No tolerance regarding the residue of pentobarbital in animal tissue has been established, the agency said. When used with livestock it can render animal tissue adulterated.

In an initial response to the FDA regarding the presence of the chemical, the company said that pentobarbital was an “unavoidable contaminant,”​ the agency reported in its warning letter. Valley Proteins has a responsibility to produce animal feed that is not adulterated, the agency added.

“Adulteration of animal food with pentobarbital is not unavoidable,” ​the agency said. “It is your responsibility to prevent adulteration of animal food with unsafe new animal drugs by ensuring that you are not receiving ingredients from your suppliers that contain unsafe new animal drugs or by developing methods to ensure that materials you receive containing unsafe new animal drugs are segregated and not used for animal food.”

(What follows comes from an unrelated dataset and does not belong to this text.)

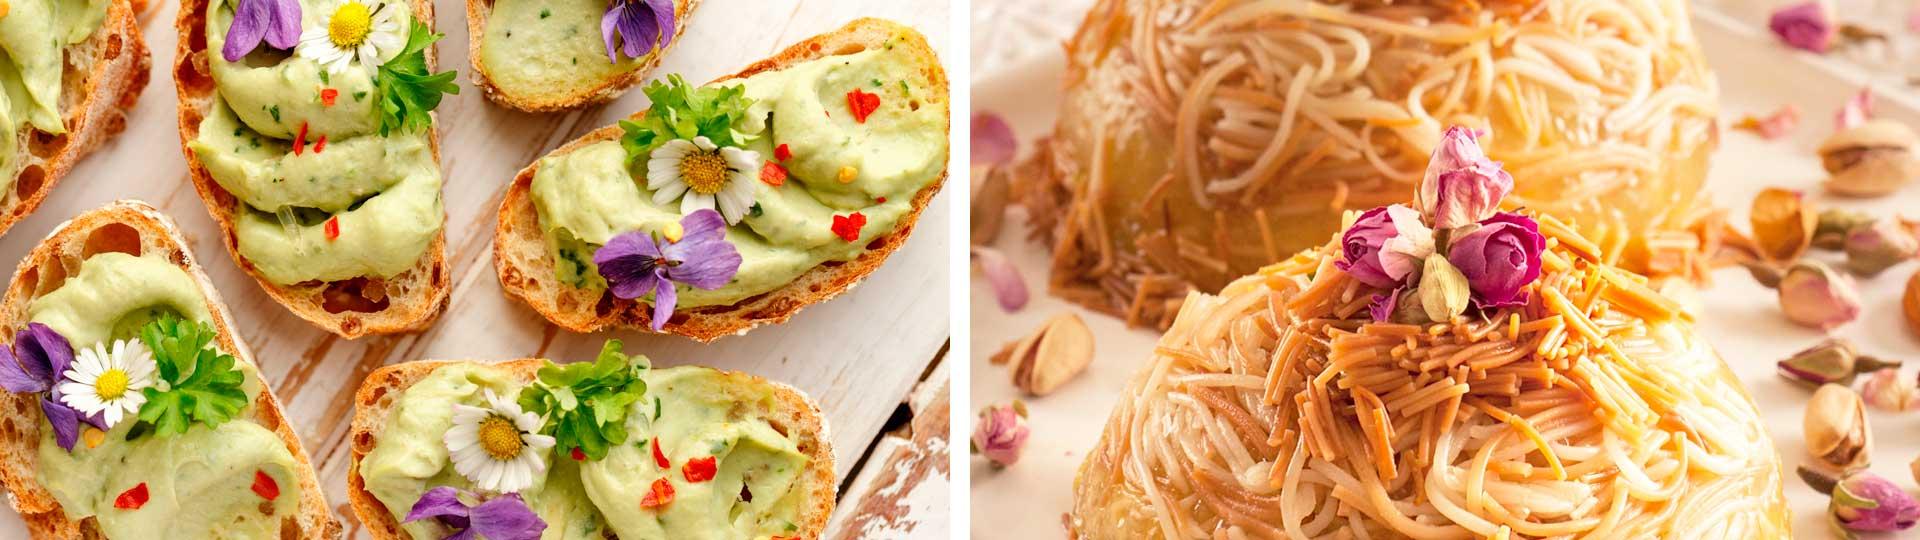 колаж от 2 снимки: Сандвич с авокадо и цветя и десерт с декорация от розов цвят
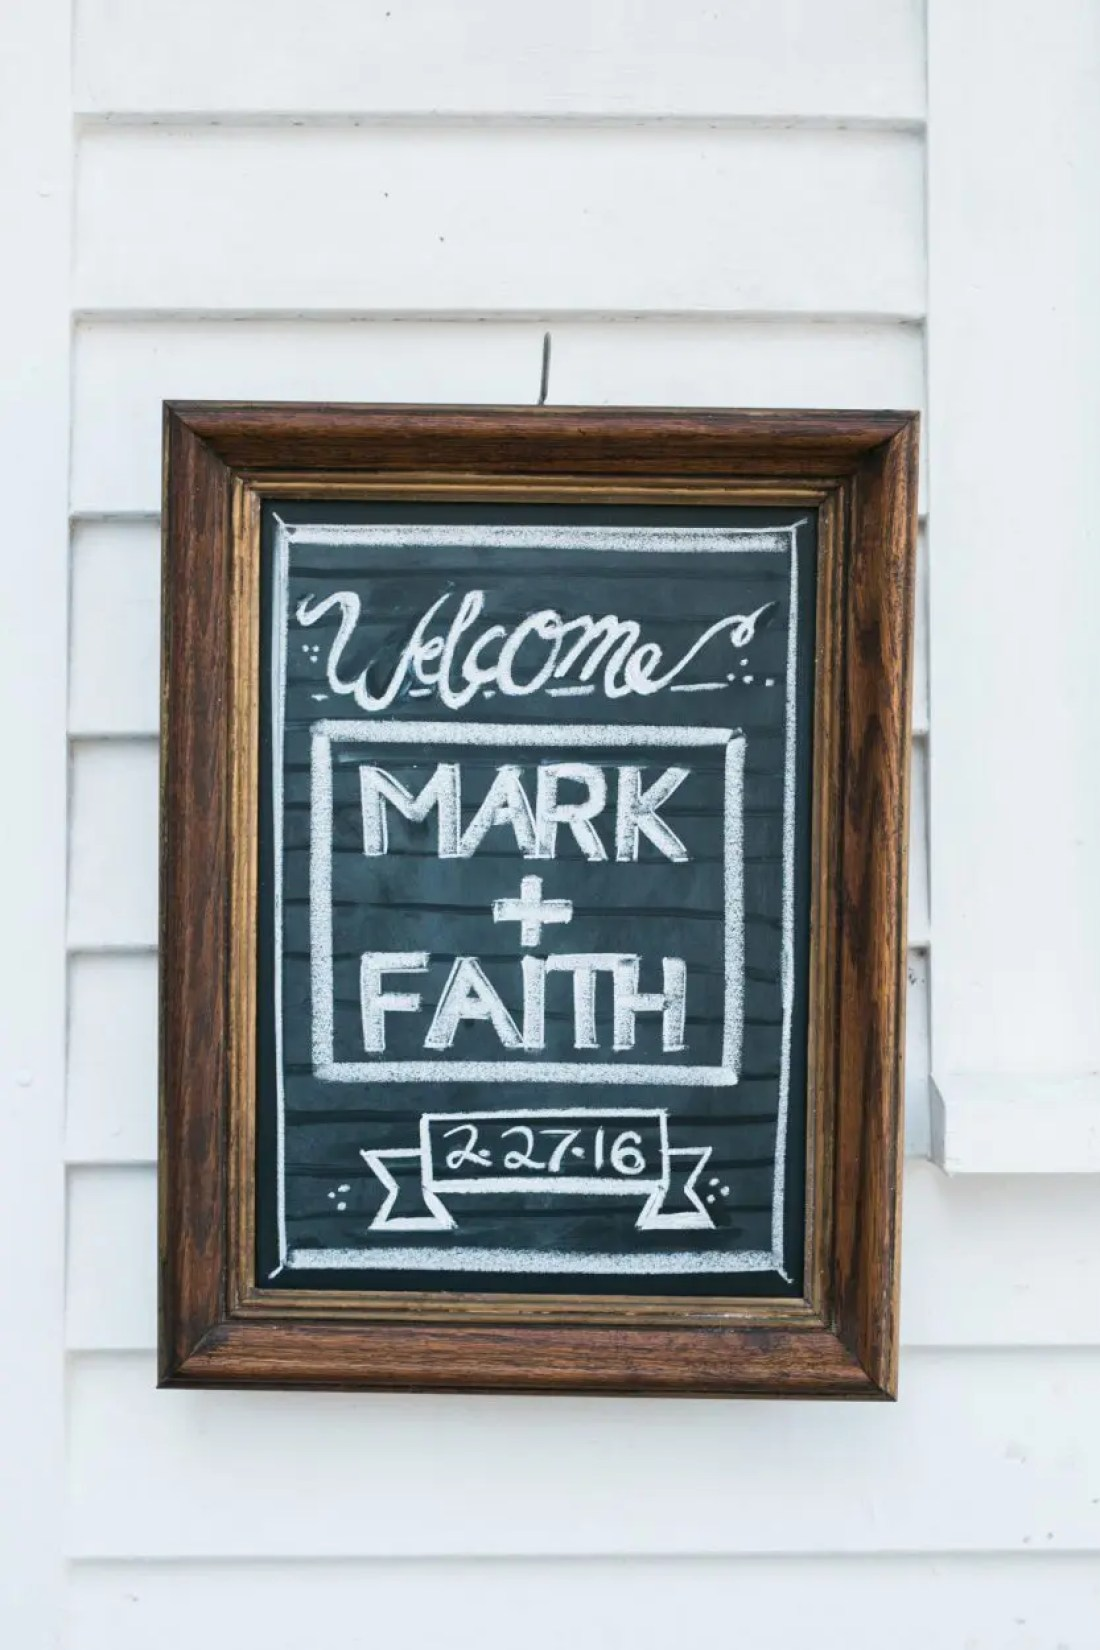 Mark_Faith_-1

Valley Proteins also “failed to identify and evaluate each known or reasonably foreseeable hazard for each type of animal food you manufacture,”​ the FDA said. This oversight included evaluating hazards from raw materials like pentobarbital.

A revised hazard analysis for the company adds that it will no longer accept or process “dead stock,”​ which includes euthanized animals, the agency said. The company reported that it stopped taking some carcasses in January but letters to customers in May said that the company accepts euthanized animals for collection and disposal but that animals that are chemically euthanized will not be rendered.

FDA said that it would like information on how those animals will be gathered and disposed of.

The agency also mentioned that the company should continue to disclose hazards – such as microbial hazards – it has identified but is relying on customers to control in documents with the animal feed. And, preventive controls established as process controls need to be improved as they are lacking “adequate parameters for control of some hazards.”  

Feed recall discussion

The FDA’s investigation found that Valley Proteins also did not take “immediate action”​ to alert customers or recall its product after it became aware of the pentobarbital contamination, the agency said. The FDA asked if the company planned to recall the contaminated animal feed product multiple times.

“You stated you did not plan to do so and did not provide FDA with requested information regarding the amount of potentially affected product that was distributed by your firm before you learned of the positive FDA test result,”​ the FDA reported.

However, the company did respond that it had been cleaning and conducting pentobarbital testing, the agency said. Although those actions are appropriate to establish that any residual pentobarbital has been removed, the company did not explain how it accounted for any adulterated product distributed.

“In your response… you stated that you believe there is no legal requirement for your facility to recall any products due to contamination with pentobarbital,” ​the FDA reported. “A recall is a voluntary action to remove products that are in violation of the FD&C Act. As explained above, your animal food (including livestock food) containing pentobarbital is adulterated. It is important to notify affected customers and remove all adulterated animal food from the marketplace.”